### Source material
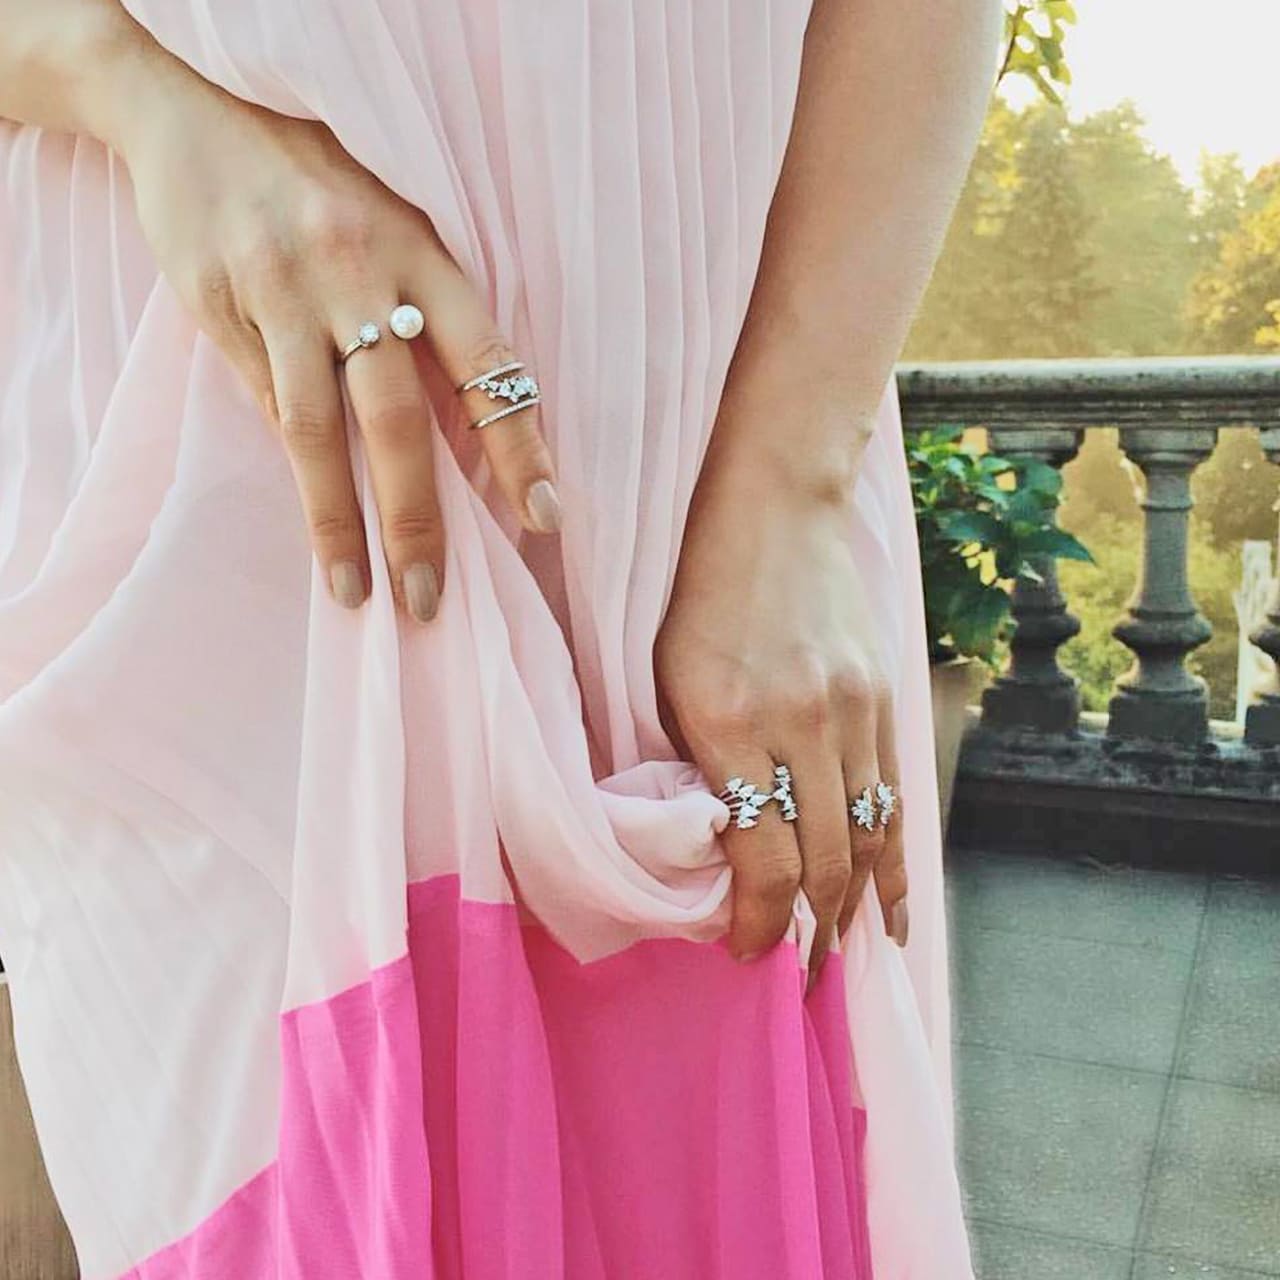  Perlenring aus Silber mit weisser Perle und Zirkonia  zu rosa pinkem Kleid getragen in Bern
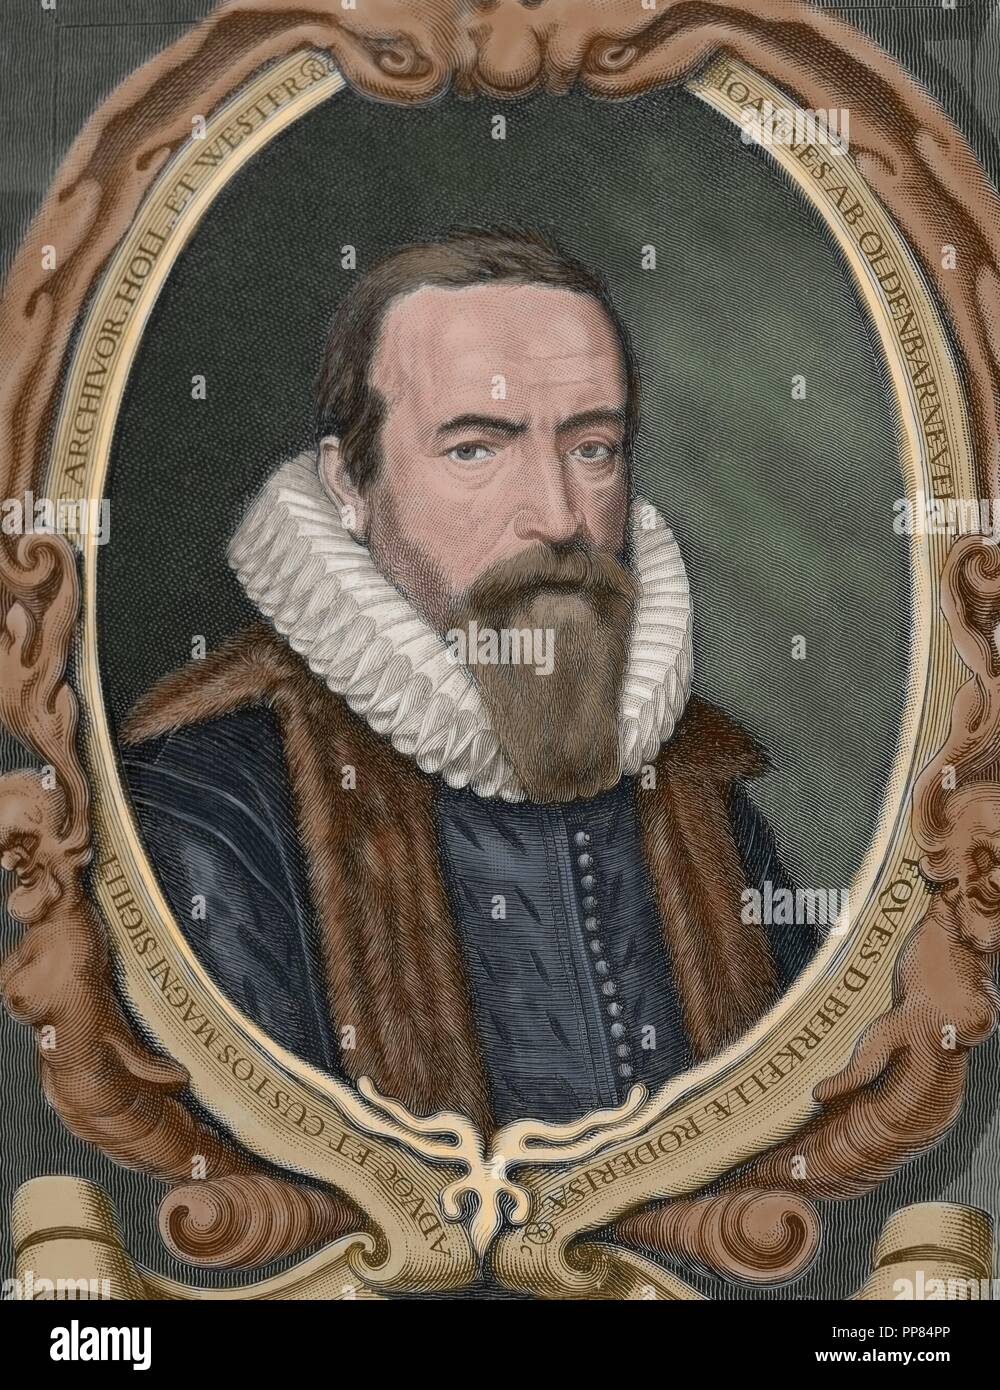 Johan van Oldenbarnevelt (1547Ð1619), signore di Berkel en Rodenrijs (1600), Gunterstein (1611) e Bakkum (1613). Statista olandese che ha giocato un ruolo importante nella lotta olandese per l'indipendenza dalla Spagna. Ritratto. Incisione. Colorati. Foto Stock
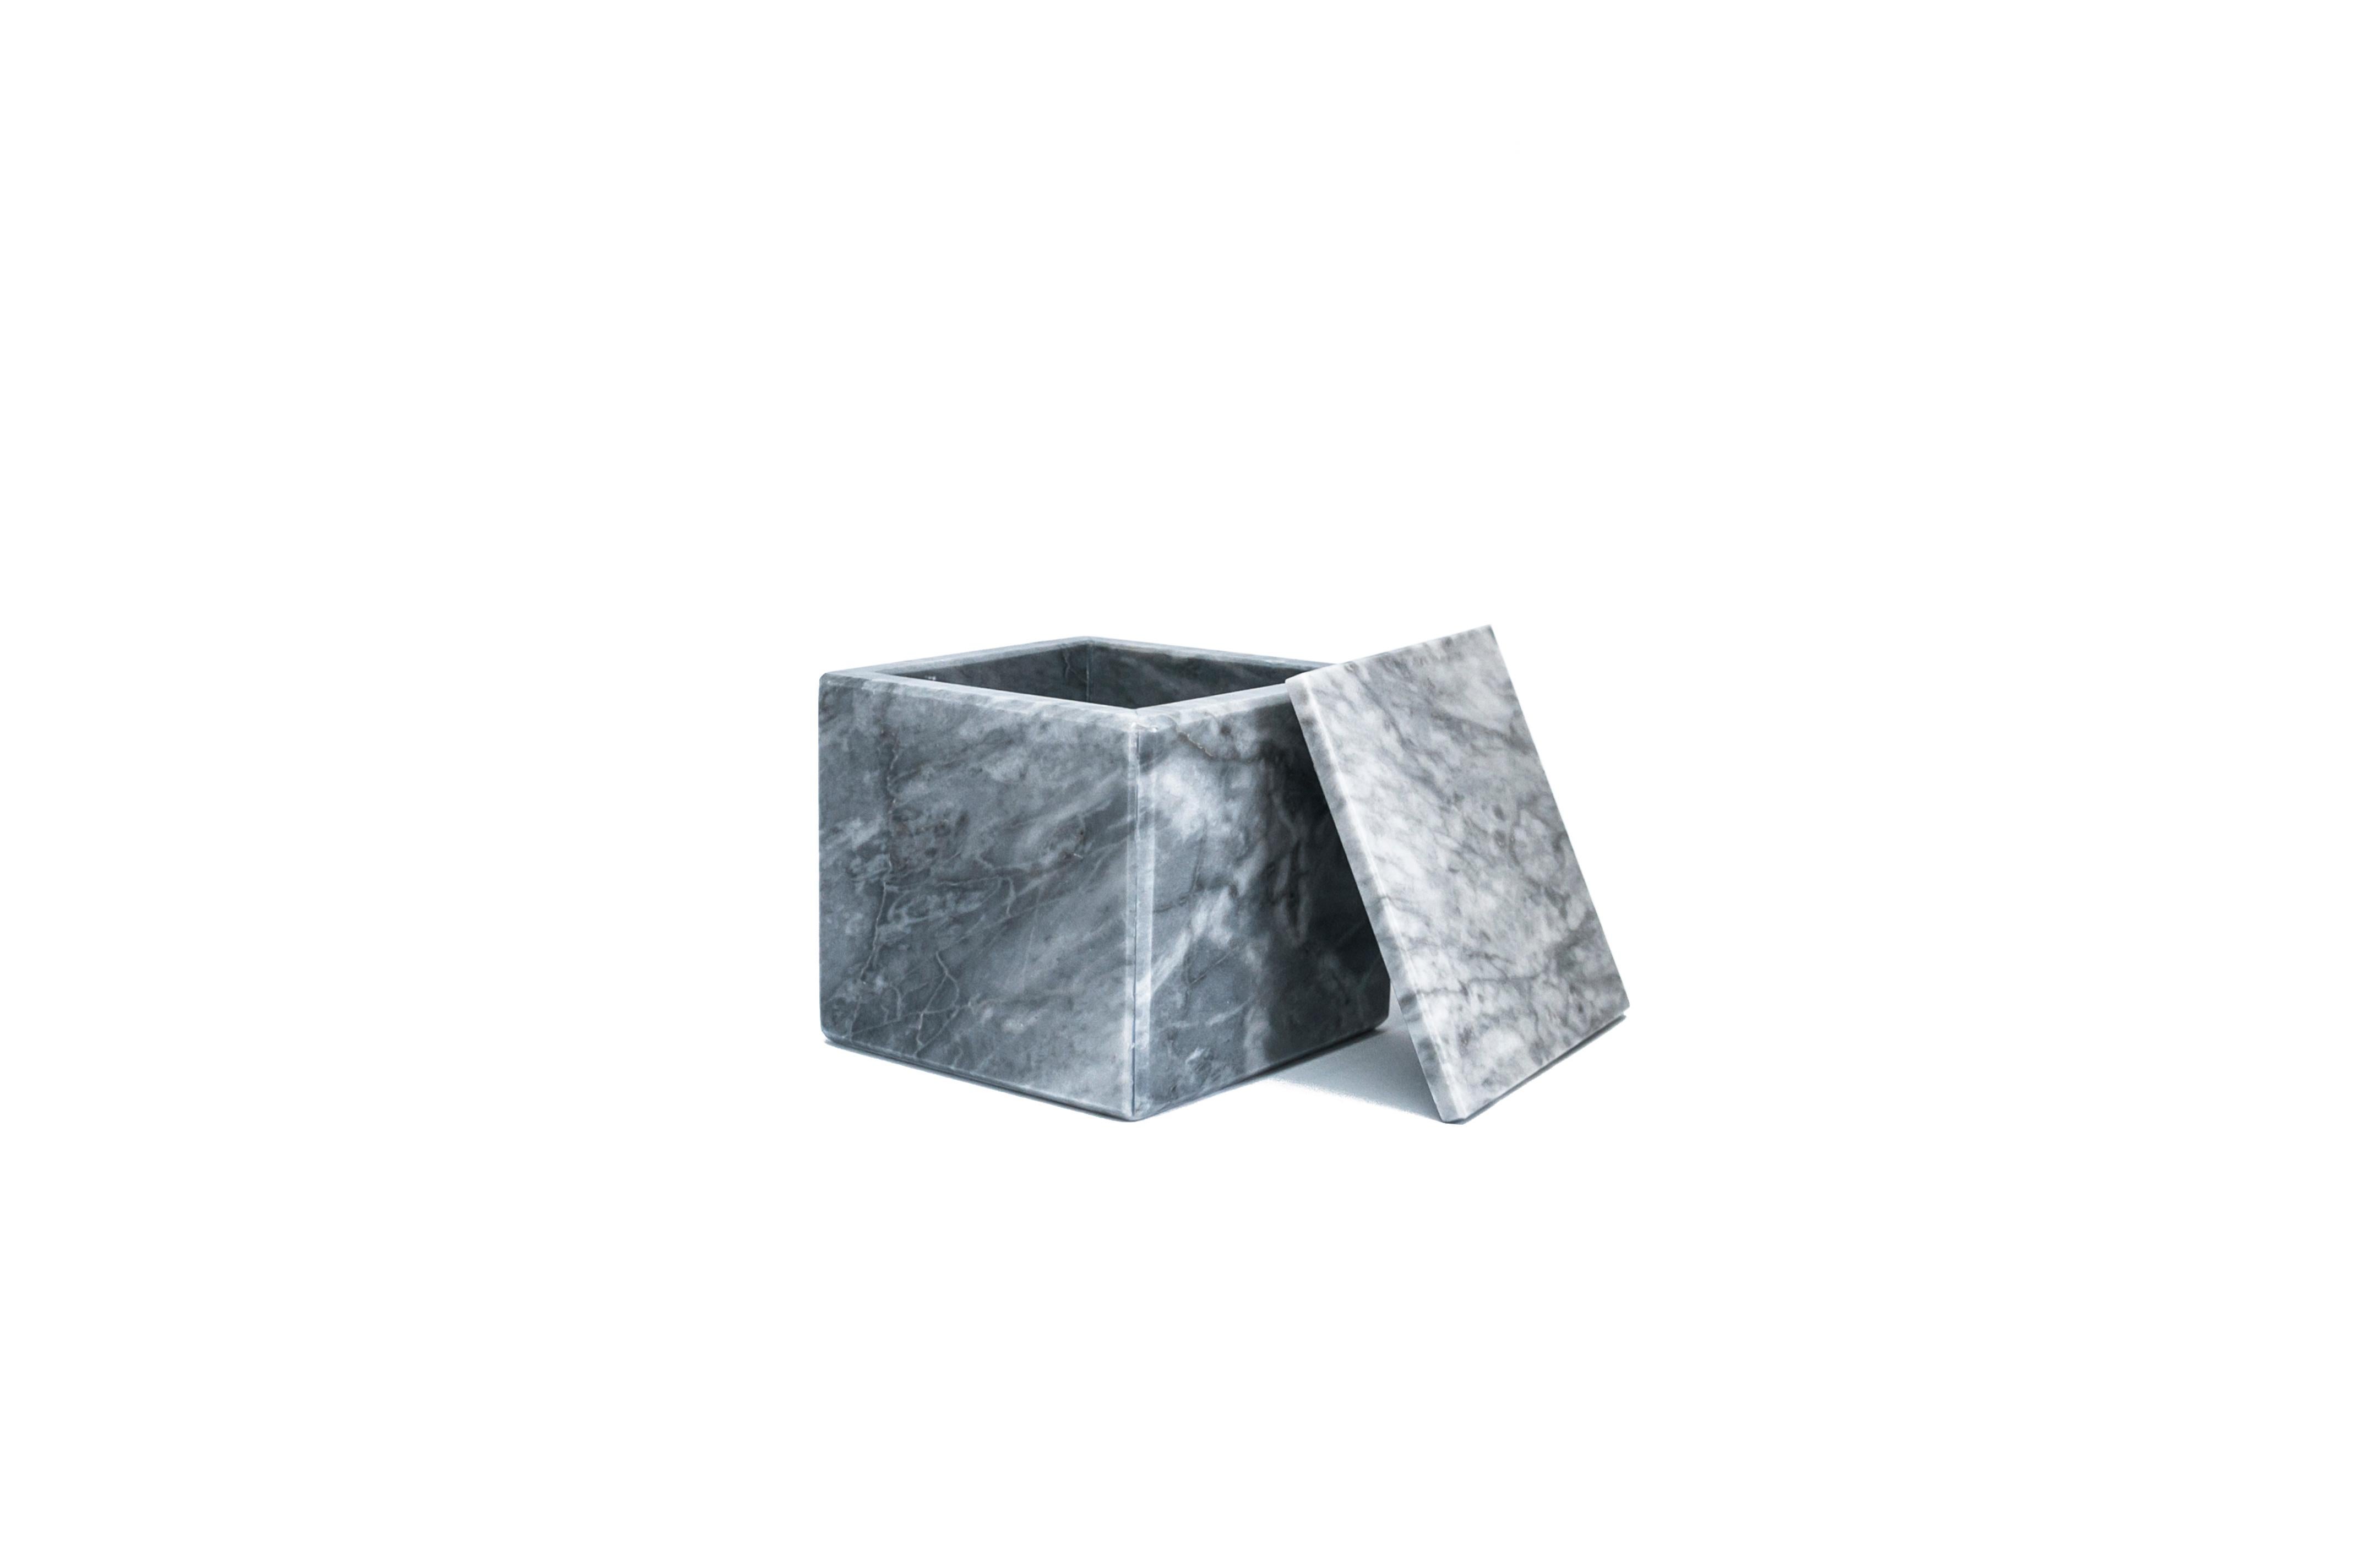 Quadratische graue Bardiglio-Marmorschachtel mit Deckel.
Jedes Stück ist in gewisser Weise einzigartig (da jeder Marmorblock unterschiedliche Maserungen und Schattierungen aufweist) und wird in Italien handgefertigt. Geringfügige Abweichungen in

### Problem details
When you reach the line that contains "Quadratische graue Bardiglio-Marmorschachtel", start copying the listing word for word and stop only after its last line, without any pictures.

### Written answer
 Quadratische graue Bardiglio-Marmorschachtel mit Deckel.
Jedes Stück ist in gewisser Weise einzigartig (da jeder Marmorblock unterschiedliche Maserungen und Schattierungen aufweist) und wird in Italien handgefertigt. Geringfügige Abweichungen in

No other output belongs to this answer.